Model calibration. To test model calibration, we calculated each test patient’s predicted mortality over 250-day time windows. We further grouped patients into risk quartiles (4 = highest risk of dying; 1 = lowest risk) and calculated the aggregate predicted mortality for each patient group–time window combination. We then compared predicted mortality to actual mortality. The scatterplots (top) plot actual vs predicted mortality for each meta-model. The dashed 45-degree line represents perfect calibration. To summarize each model’s calibration, we calculated the slope of a Poisson regression line fitting actual mortality as a function of (log-transformed) predicted mortality with an intercept through the origin. Slopes of 1 would indicate perfect calibration, while slopes substantially different from 1 would indicate miscalibration. The bar graphs (bottom) plot the calibration slopes for individual models. The horizontal dashed lines in the graphs represent the meta-model calibration slope (and its mirror image around 1). Although the time windows and risk quartiles are not explicitly displayed in this bottom summary plot, the data are nonetheless grouped by risk quartile and time window, paralleling the upper scatterplots. Br_: breast cancer predictor set; CRC_: CRC predictor set; lCA_: lung cancer predictor set.

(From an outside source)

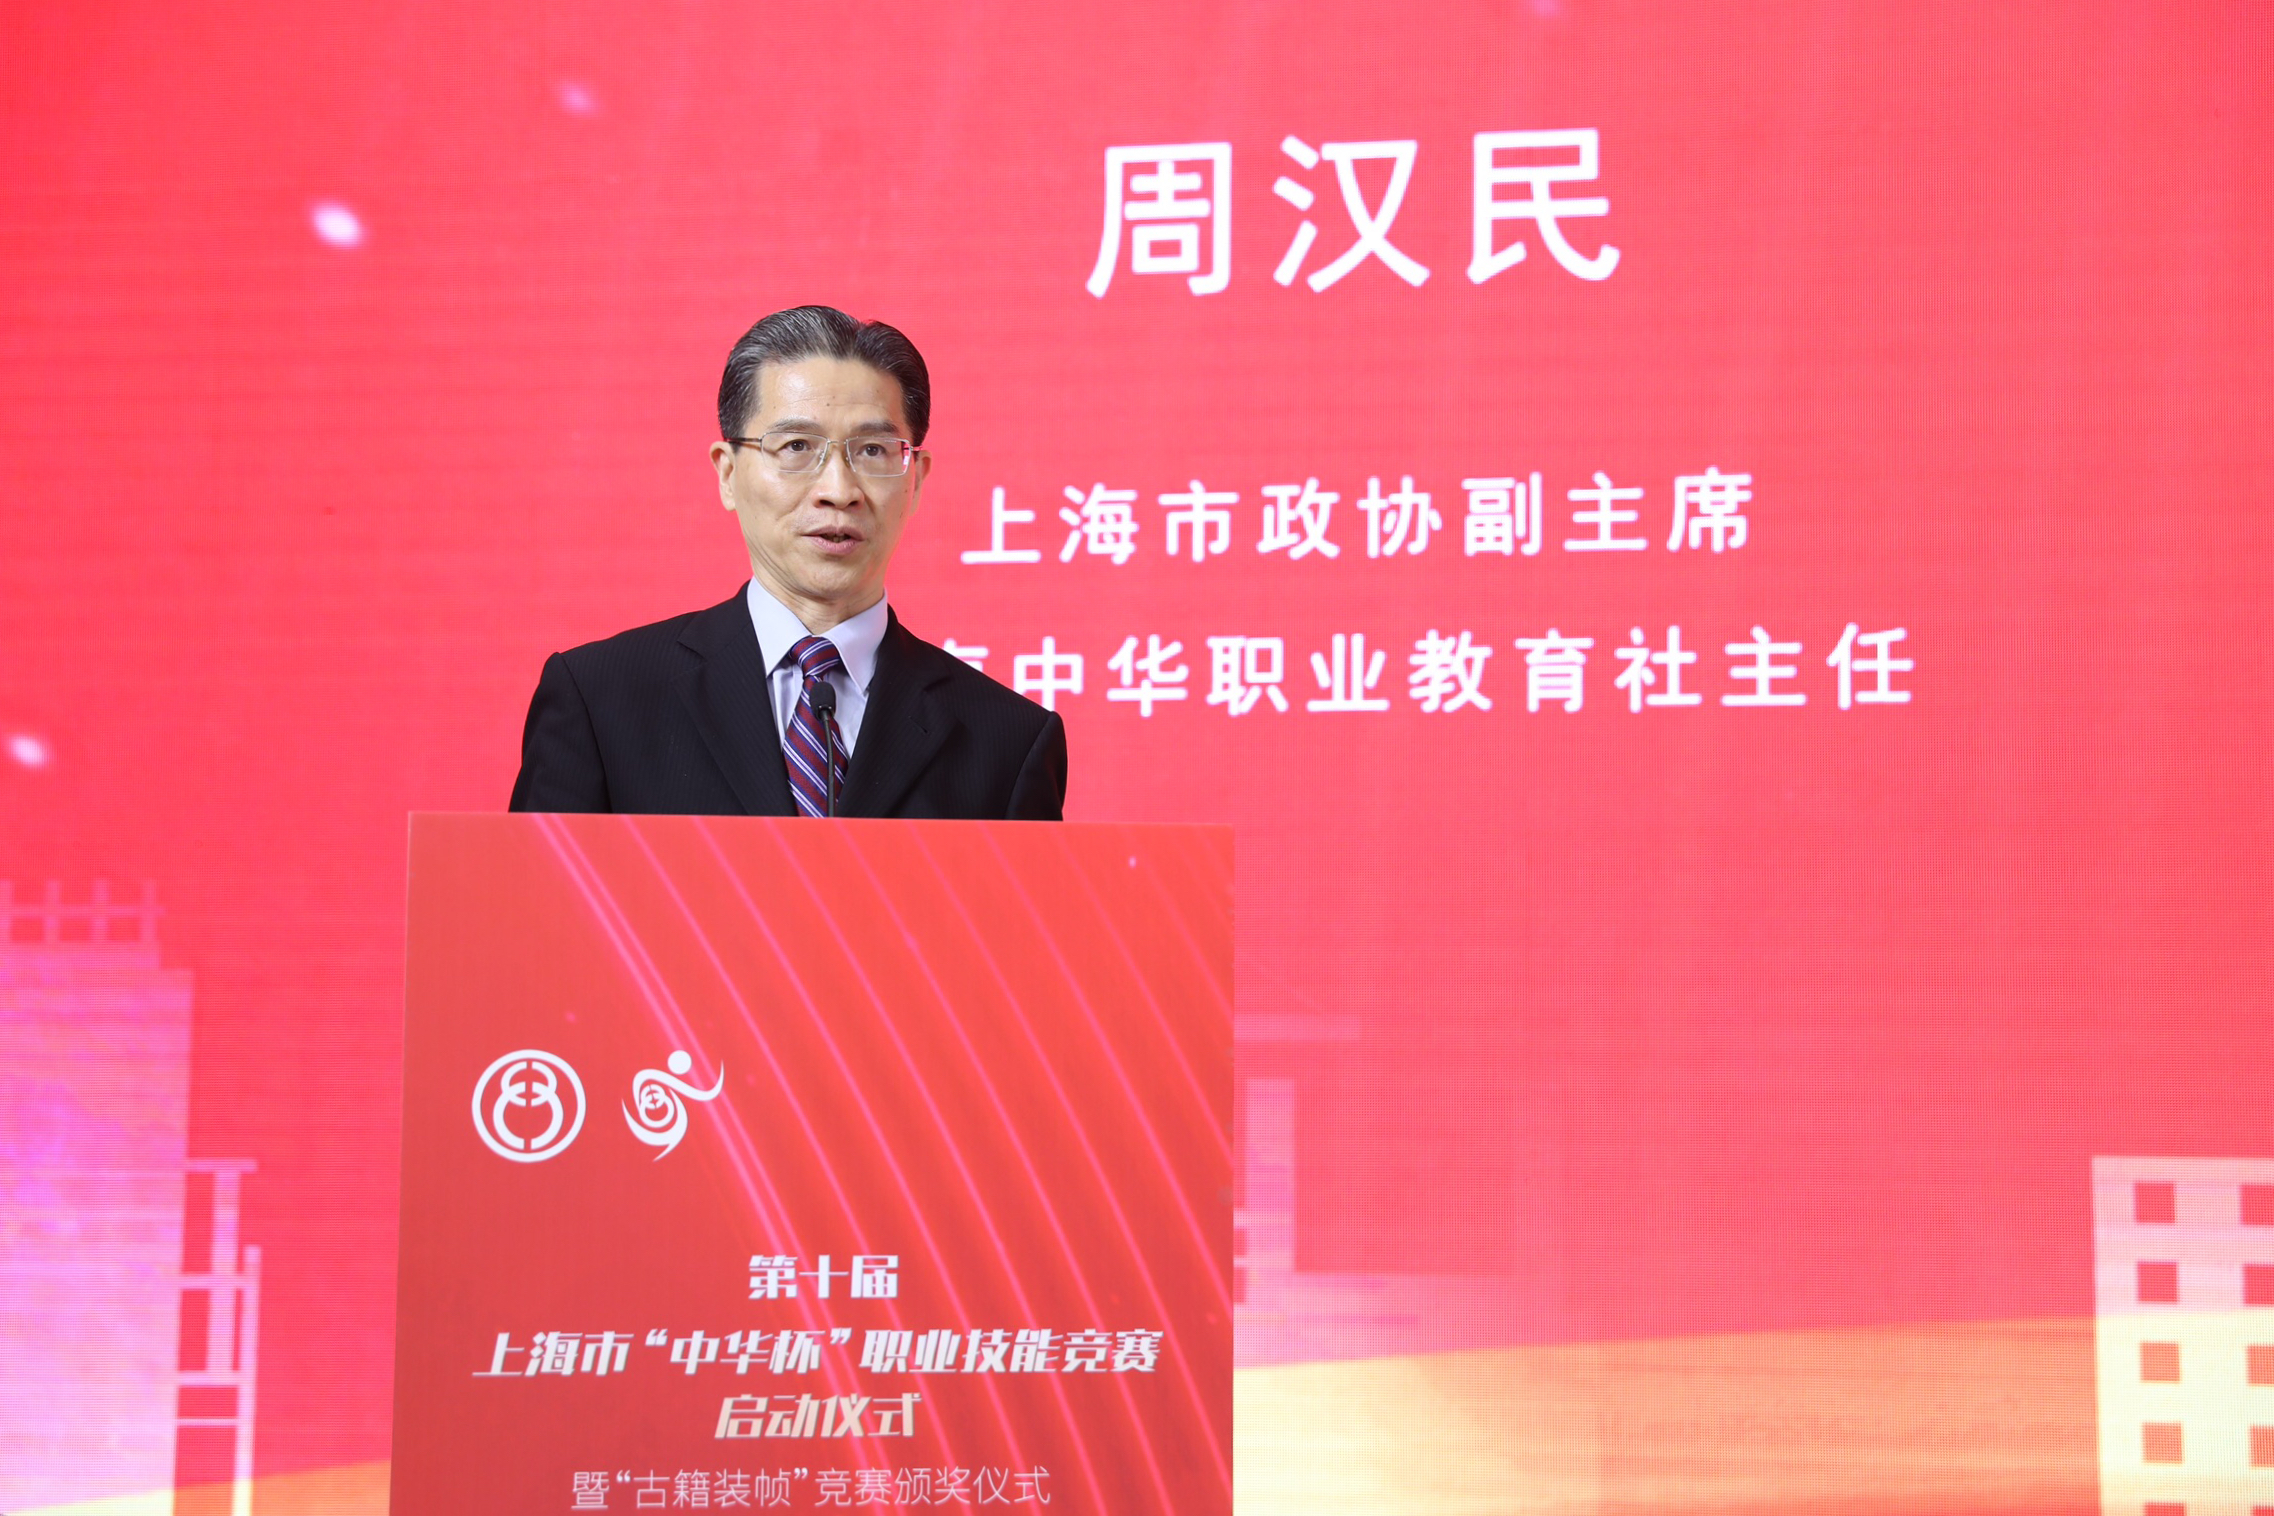 上海市政协副主席周汉民教授发表主旨演讲

Individual patient survival

To illustrate how the meta-model might be used in practice, we plotted individual Kaplan-Meier survival curves for 9 selected patients within the test partition of the CRC dataset ().

Figure 5.

Patient-specific Kaplan-Meier curves for 9 selected colorectal cancer (CRC) test patients using meta-model–predicted survival probabilities. We selected from the test partition of the CRC data 3 patients with substantially favorable (top row), 3 patients with substantially unfavorable (bottom row), and 3 patients with generally typical (middle row) predicted survival. The solid lines represent the patient’s predicted survival and the dashed lines show survival for the cohort as a whole. Applicable models represent the underlying individual CRC models for which the patient had the necessary predictor data and which were included in the prediction.

DISCUSSION

In this study, we demonstrate the utility both of a meta-model approach to addressing missing data and of the use of machine learning–based models to predict patient survival in advanced CRC, lung cancer, and breast cancer. We show that a meta-model method integrating a suite of underlying models using varied predictors may provide a practical strategy to accommodate missing data. With further validation, we anticipate that the meta-model method described here could be adapted to a wide range of prediction problems, spanning well beyond oncology survival prediction. The meta-model approach is well suited to the development of clinical decision support, which was our primary aim in undertaking this work. Indeed, as shown in , we aim to build an “app” to provide clinicians with access to patient-specific Kaplan-Meier curves. In addition to addressing missing data, the meta-model may provide a framework for interinstitutional predictive model development. For example, the meta-model could combine individual models trained using separate data sources, even at different institutions. While using multi-institutional data (as opposed to single-site data) to train predictive models would often be scientifically desirable in ensuring generalizability and in obtaining data from a sufficient number of patients, administrative challenges to data sharing outside individual health systems often make multi-institutional datasets impractical or impossible to obtain. However, the meta-model approach may help to address this challenge to the extent that building a multi-institutional meta-model would only require institutions to share trained underlying individual models and not actual patient data. Moreover, we envision future vendor-developed CDS systems that include both a set of “starter” models as well as functionality for sites to train additional models; the systems could then combine the starter with the locally trained models using the meta-model approach described here. Finally, the meta-model approach may also be useful in identifying tests that were not performed but which could substantially reduce prognostic uncertainty (ie, tests needed for the better performing underlying models). CDS could recommend the clinician order such tests.

Figure 6.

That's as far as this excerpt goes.